Mastery or not, if your score bumped you out of the curve, you were getting a
B.

Friends in Ivy League schools would get As or incompletes.

------
arjie
The figures described seem to argue the opposite of the headline. If you get a
12% return on the cost of your education regardless of where you go, then that
means that more expensive colleges are providing a commensurate increase in
returns.

The fact that they can maintain 12% return is fantastic, and you should be
spending every last cent you can afford on that. After all, if I offered you a
12 cents a year if you give me a dollar today, and someone else offered you
$12000 a year if you give them $100k this year, you'd probably take the
latter.

And this is not even counting the fixed cost of the time you spend going to
university. The cheap and the expensive both charge you the same in time. But
the latter gives you a phenomenally higher return on that time.

------
dpweb
These ROI calculations on degrees are more of a (flawed) basis for encouraging
(less often, discouraging) college. They are not useful. It may seem like a
good idea to develop an "ROI for college", but it distracts from what's
important.

First, much of the value of a degree is in getting your first job (networking
at elite schools must be helpful however). As your career progresses, the
importance of having a degree diminishes. Leaving aside Med, Law, etc.. where
you have to have it.

Second, your pay is not a pure output of your degree.

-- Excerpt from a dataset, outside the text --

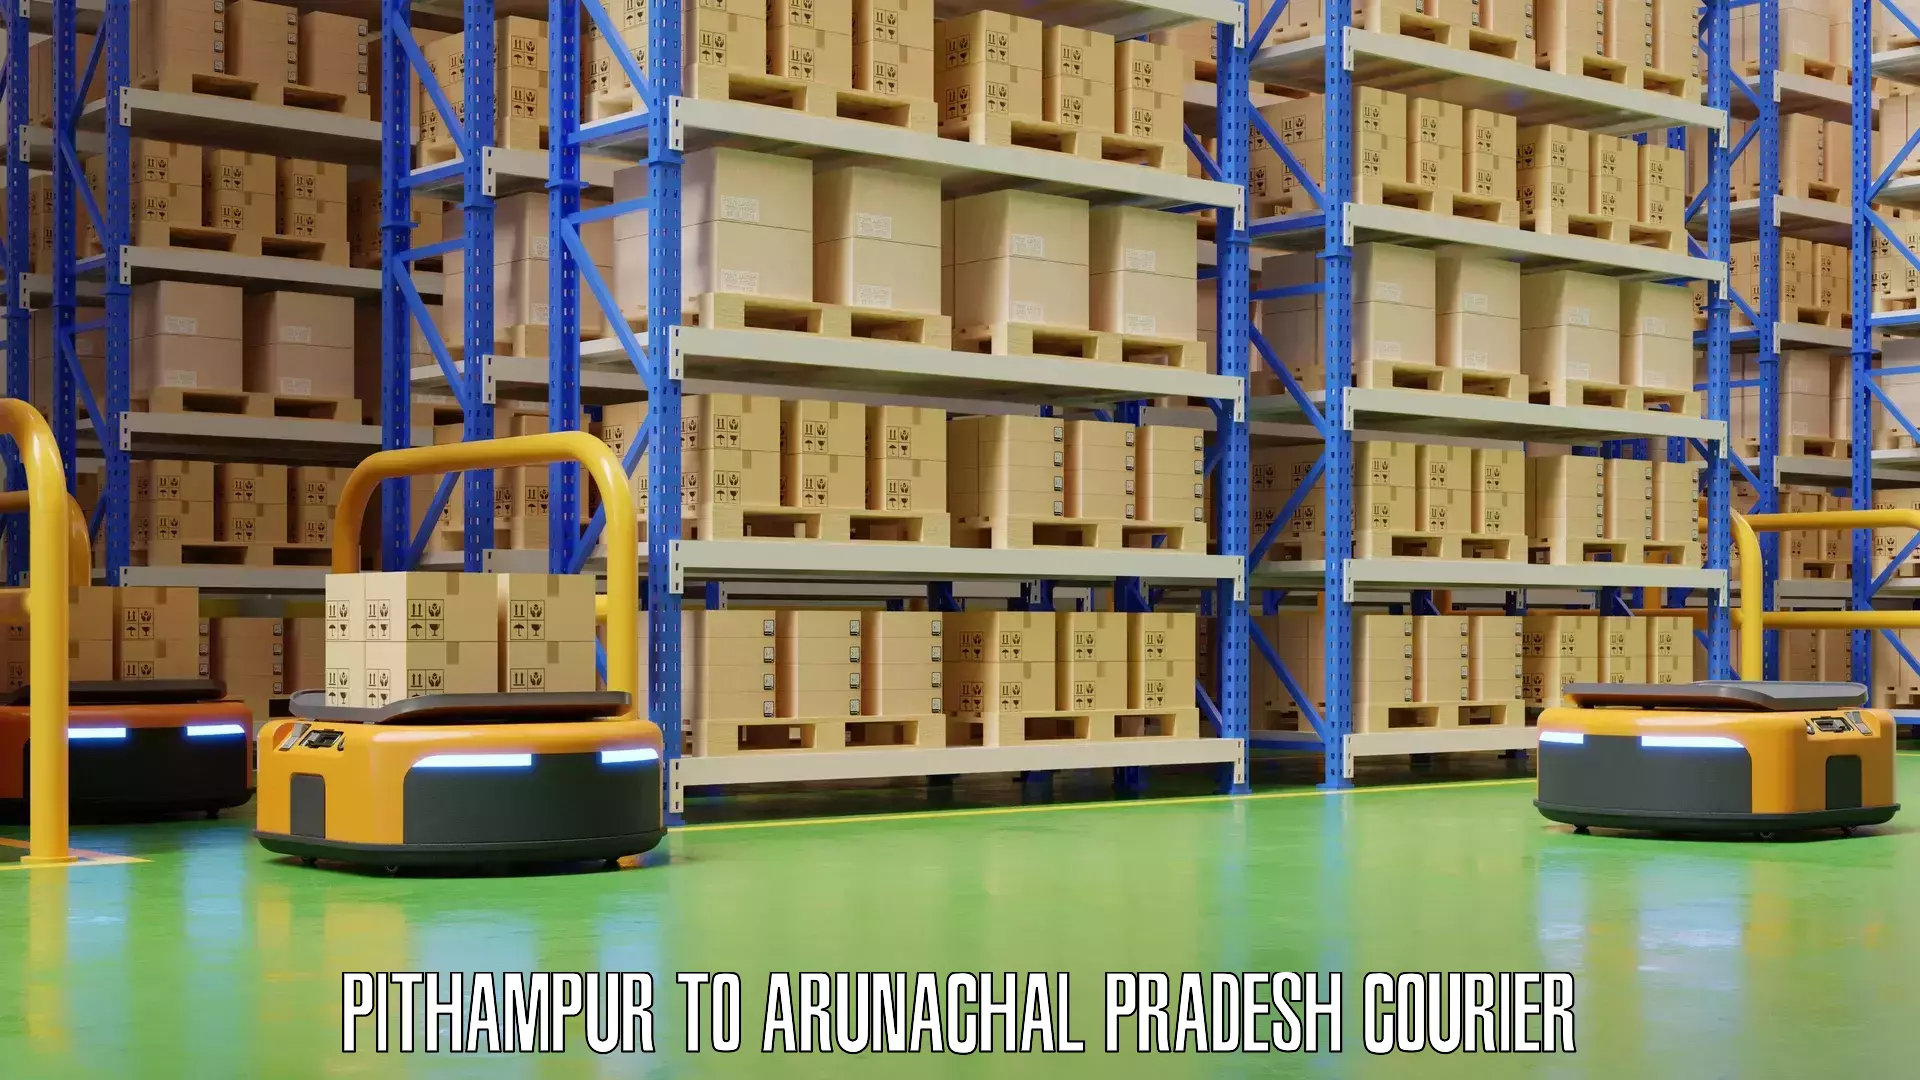 Baggage transport technology Pithampur to Arunachal Pradesh

What field you're in and
the salary prospects in that field, how hard you work, how much you negotiate
you salaries, how often you change jobs, what part of the country you live in,
(I would argue) simply how smart you are - some would say even your race and
gender.

Another metric could be, cost of tuition vs. one year avg. salary in your
field. If I went to college 20 yrs. ago for computing and the tuition was 5k a
year, and the average salary is $100k - and go to college now, the cost is
$20k - do the math on college value. Kind of a joke right now I can get the
Android dev job for $100k prob without the degree.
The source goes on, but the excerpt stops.